ФлоренсАлександер, которая в юности сама была актрисой, принимала непосредственное участие в делах мужа. В начале его деятельности — в качестве управляющей — помогала ему экономить на костюмах для актрис: делала эскизы и порою даже кое-что шила сама. Кроме того, она внимательно следила за подготовкой спектаклей и перед каждой премьерой проверяла, весь ли реквизит на месте. Премьера — это всегда нервы, столько всего может пойти вкривь и вкось, но сегодняшняя — проходит прекрасно. Какой Алик красавец в строгой черной сутане!
— Цветы выглядят как живые.
— Они и есть живые! — засмеялась Флоренс. — Растут в маленьких горшочках, их нужно ежедневно поливать.
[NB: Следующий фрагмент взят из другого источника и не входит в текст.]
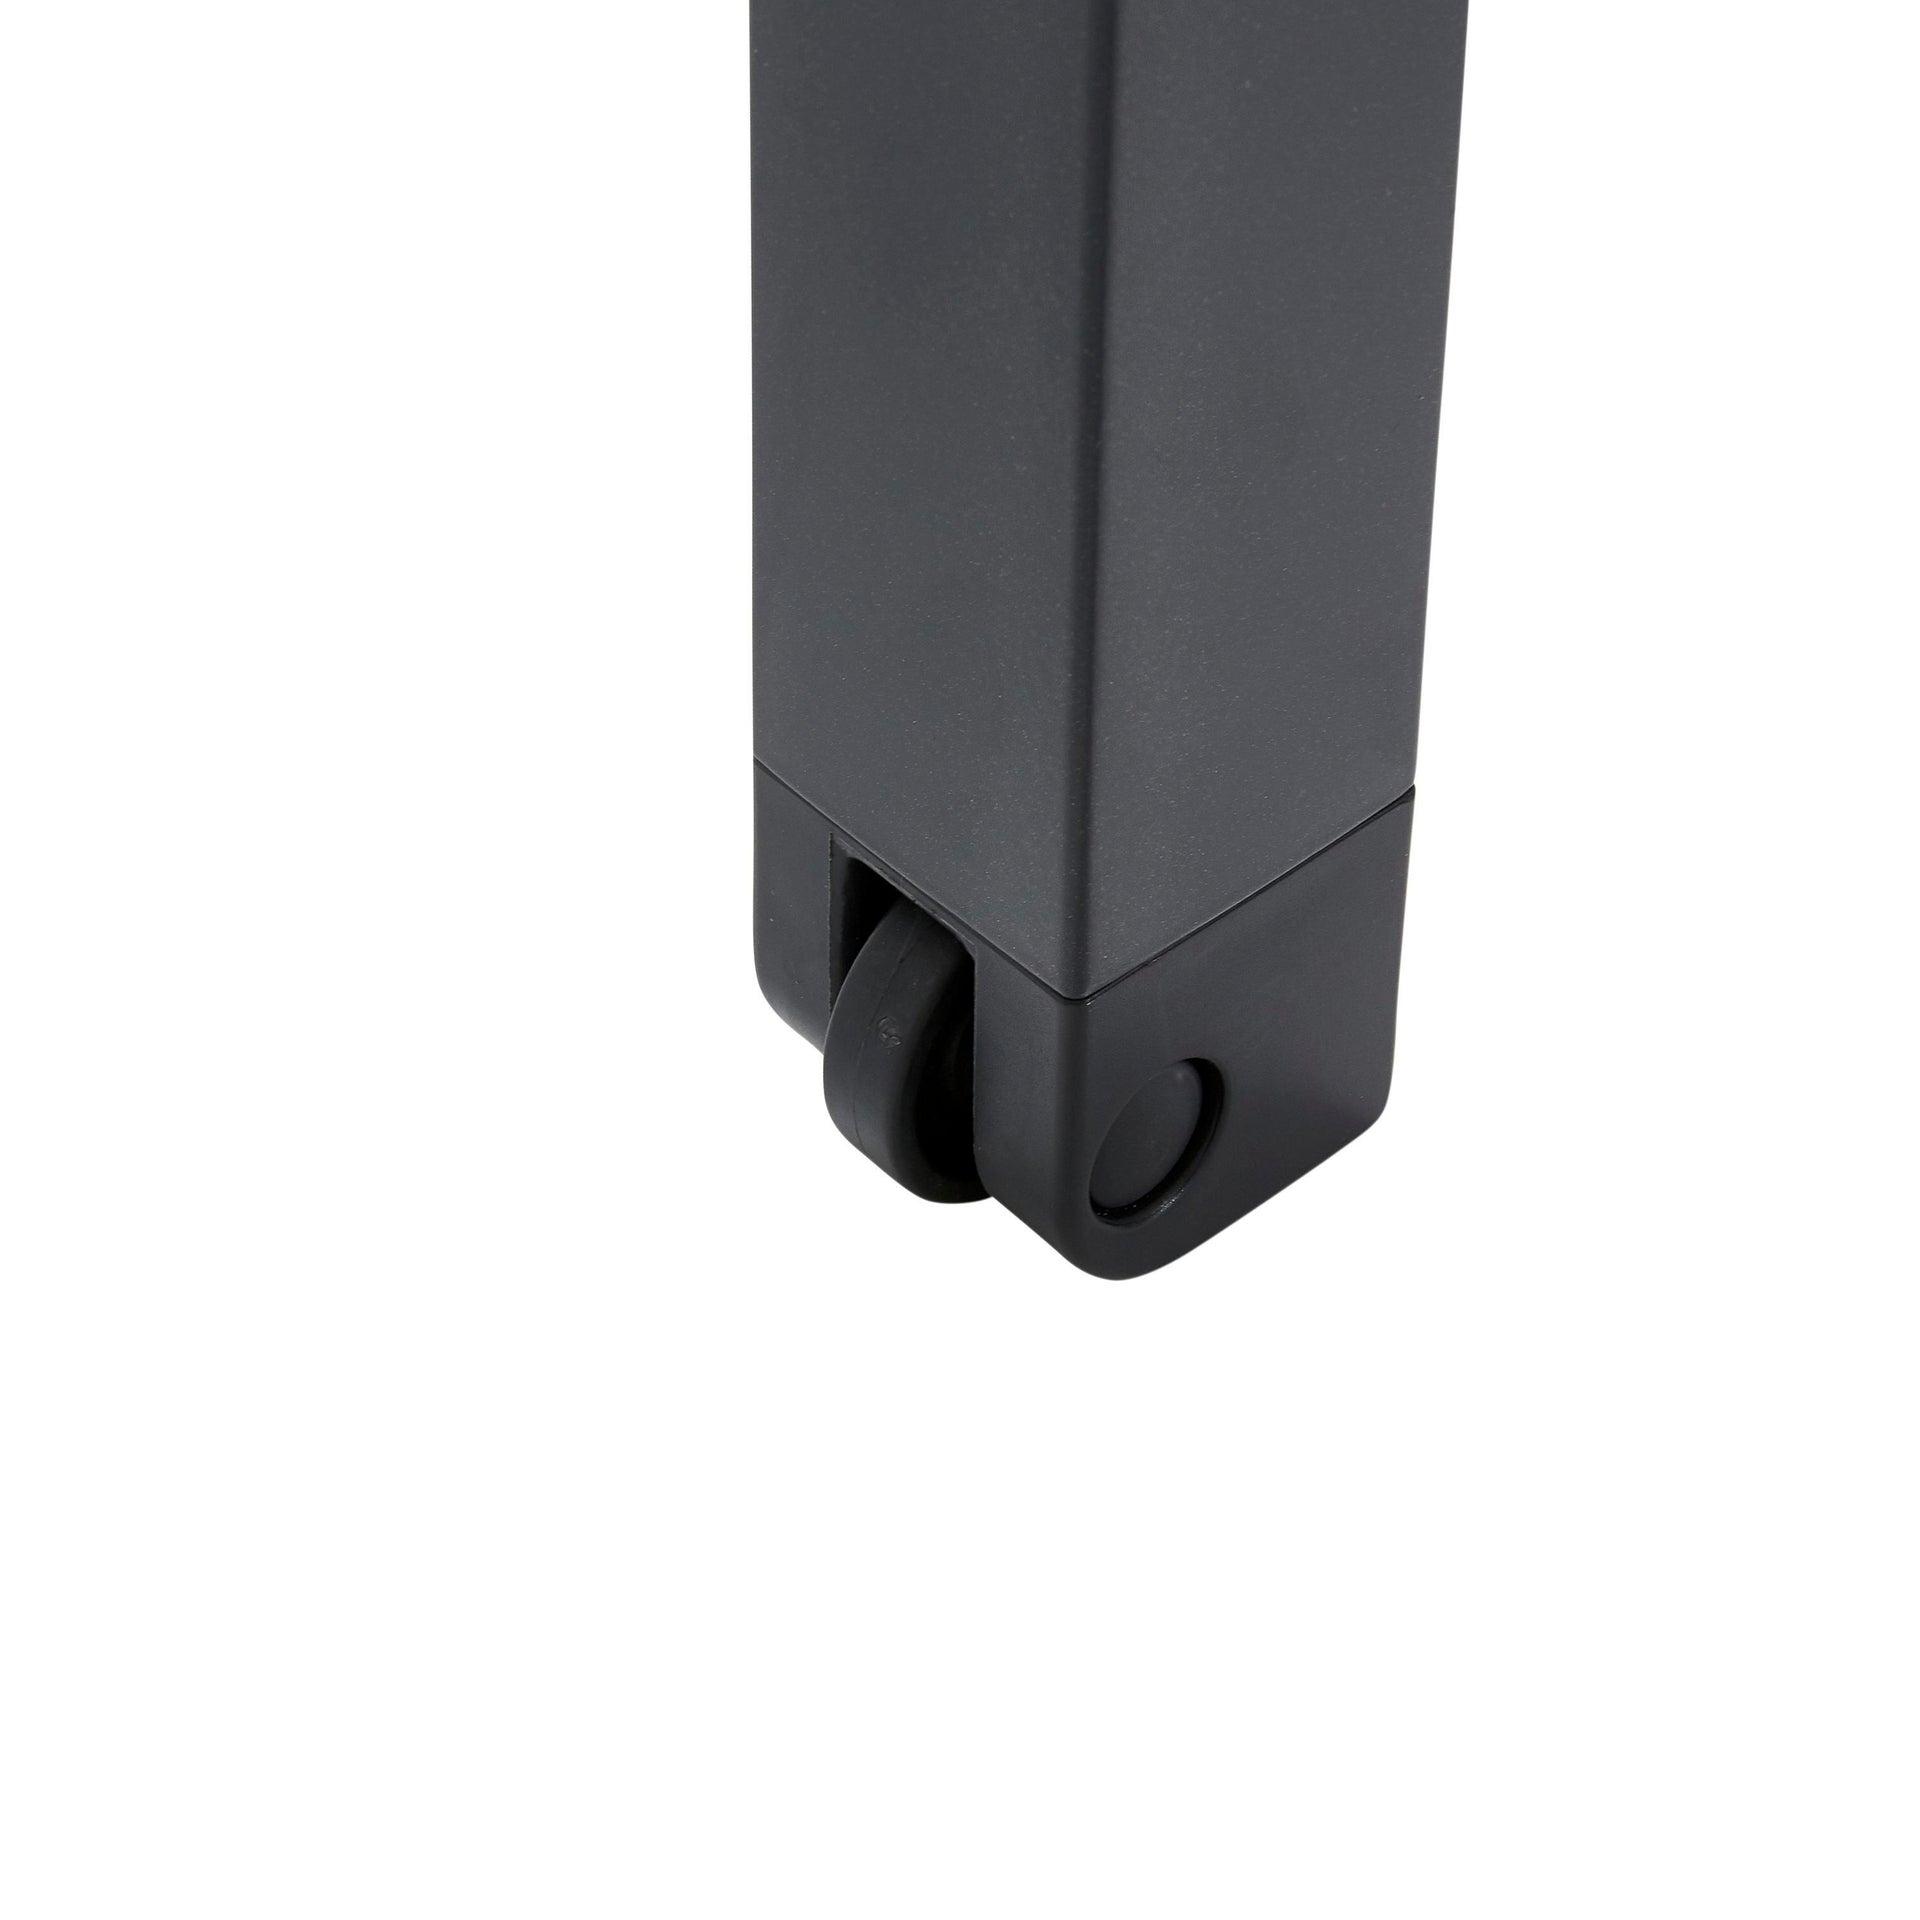 Lettino senza cuscino impilabile NATERIAL Aquila in alluminio grigio scuro - 8
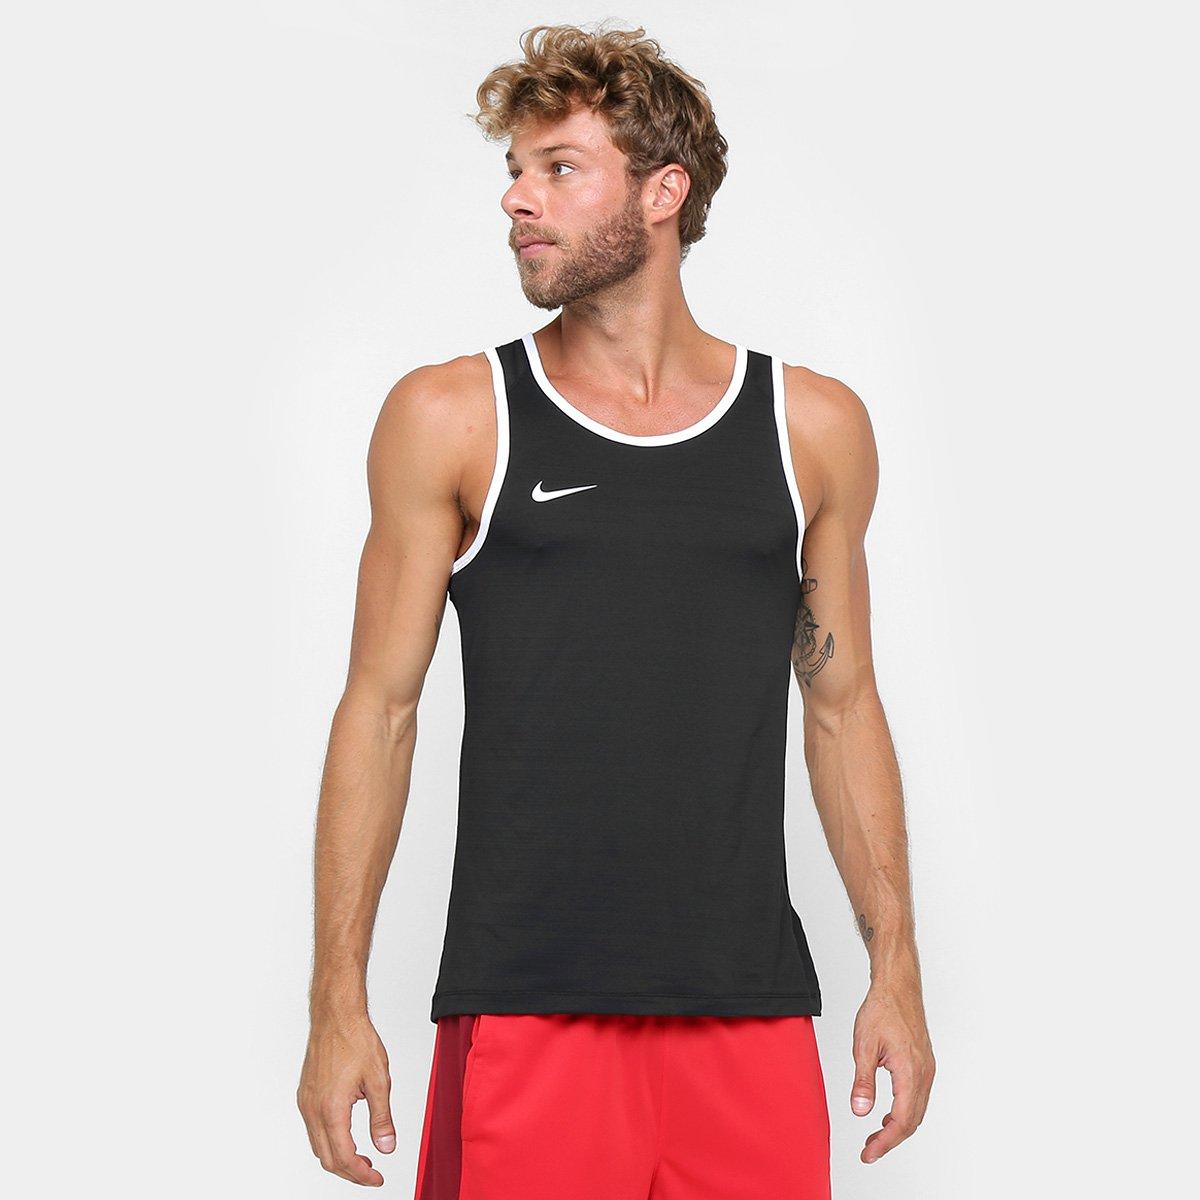 Camiseta Regata Nike SL Crossover - Preto - Compre Agora  bc975807f02

— Бог ты мой! Какой перфекционизм!
— А что вы думаете о пьесе?
— Пока, по-моему, замечательная.
* * *
Завсегдатаи галерки и задних рядов партера явно были в меньшем восторге от первого акта, чем партер и ложи. Они бы предпочли, чтобы действия было побольше, а разговоров поменьше, да и в разговорах этих многое оставалось темным. Однако все они радовались тому, что Гай Домвилл отказался от намерения стать священником: “Алик хоть скинет эту скучную черную шкуру”, — сказал кто-то. Но среди женщин разгорелся спор: он что, не видит, что молоденькая, хорошенькая вдовушка души в нем не чает, или просто знает, что в нее влюблен друг, вот и не может признаться. Ну ничего, в конце пьесы они поженятся. Потом пошли догадки, чтó достанется довольно славному малому — другу — в обмен на потерю вдовушки. “Ставлю на наследницу, ее под самый конец вспомнили”, — сказала одна из зрительниц. Другая высказала предположение, что горничная Фанни тоже окажется наследницей и, — значит, подходящей женой для джентльмена. Женщины подкреплялись апельсинами и печеньем, которые принесли с собой в бумажных пакетах, и передавали друг другу бутылки с имбирным пивом. Мужчины все как один отправились на поиски чего покрепче и вернулись подобревшими и исполненными надежды на то, что во втором акте дело пойдет поживее, чем в первом.]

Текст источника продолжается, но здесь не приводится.